Given data:

Start of Block

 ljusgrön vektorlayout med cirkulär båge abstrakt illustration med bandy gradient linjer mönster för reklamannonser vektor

End of Block
Start of Block

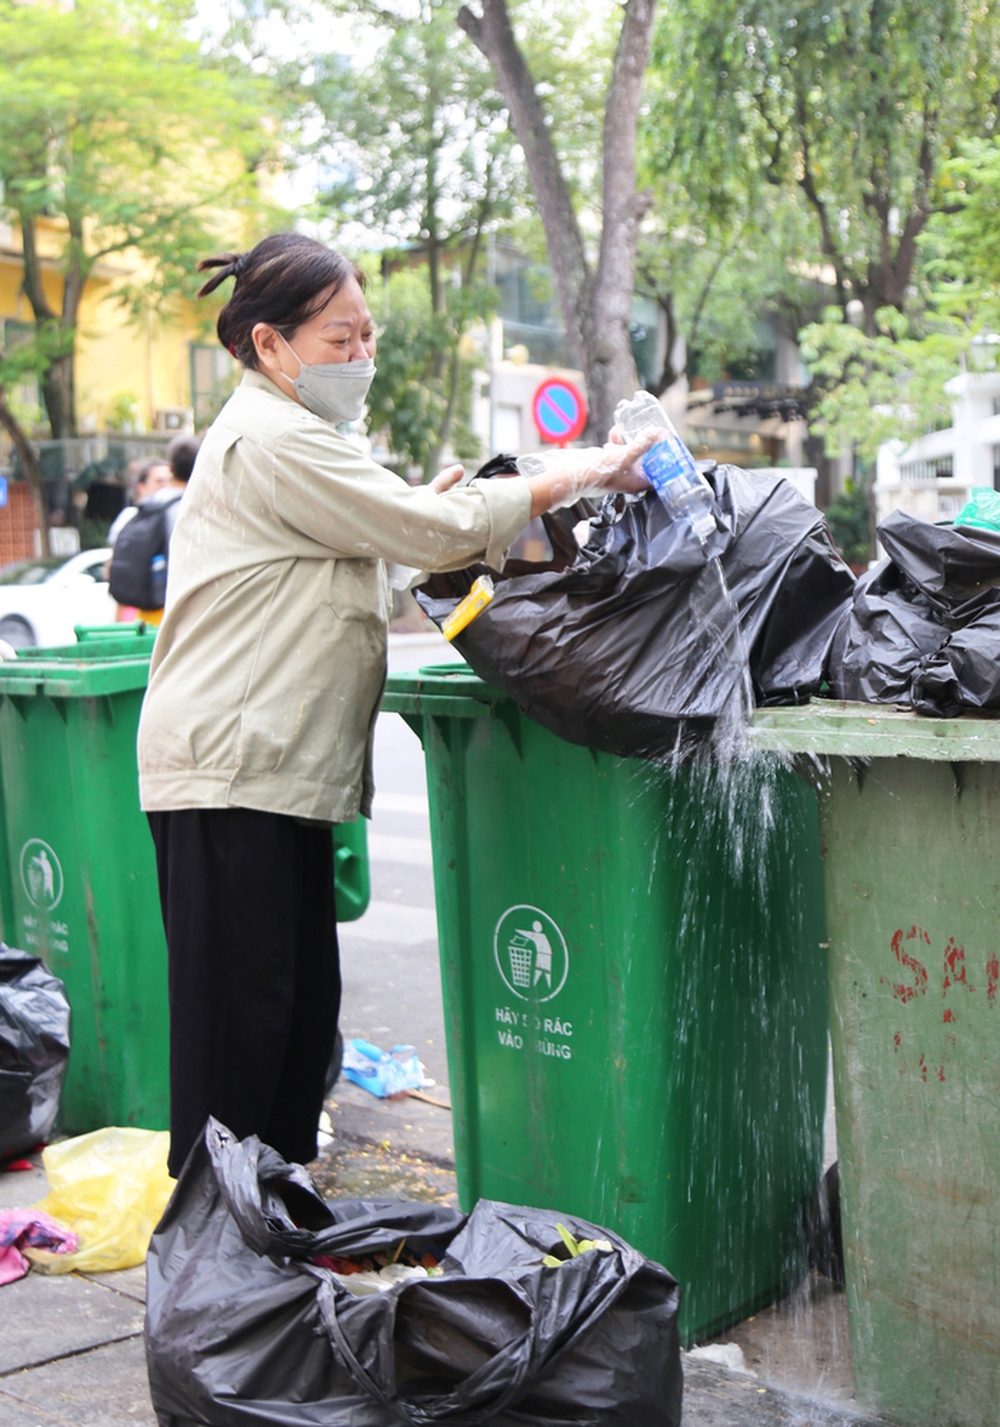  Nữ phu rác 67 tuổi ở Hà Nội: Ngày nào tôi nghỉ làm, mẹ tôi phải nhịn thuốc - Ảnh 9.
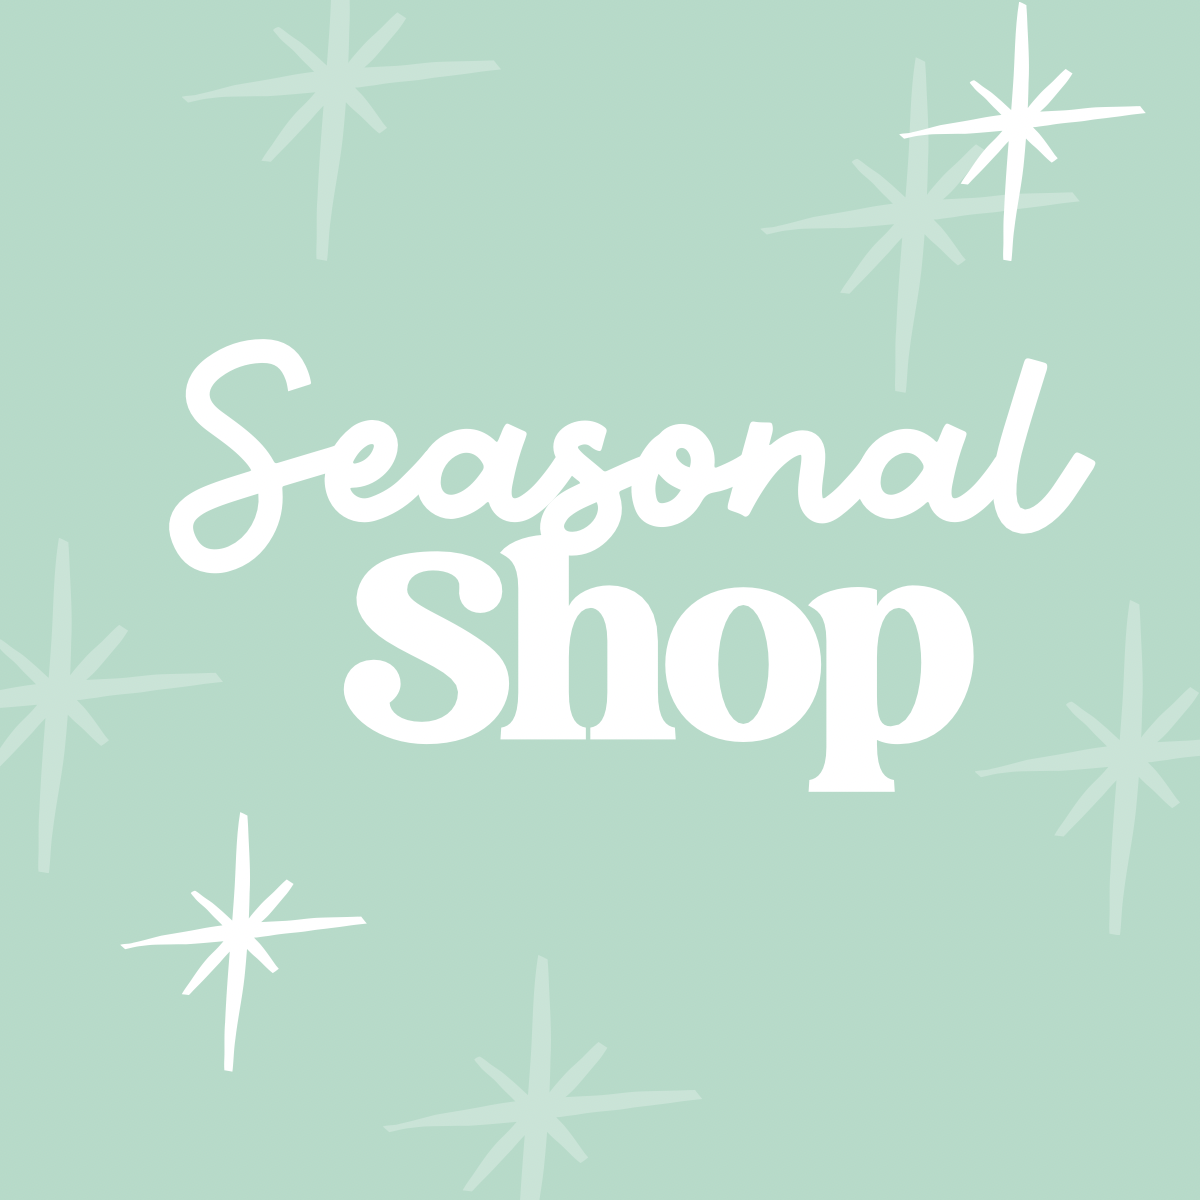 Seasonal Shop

End of Block

Exercise instructions: Look above for the line with "Nữ phu rác 67" and the line with "Seasonal Shop". Copy them and every line between, exactly, but no pictures.

Expected answer:
  Nữ phu rác 67 tuổi ở Hà Nội: Ngày nào tôi nghỉ làm, mẹ tôi phải nhịn thuốc - Ảnh 9.
 Seasonal Shop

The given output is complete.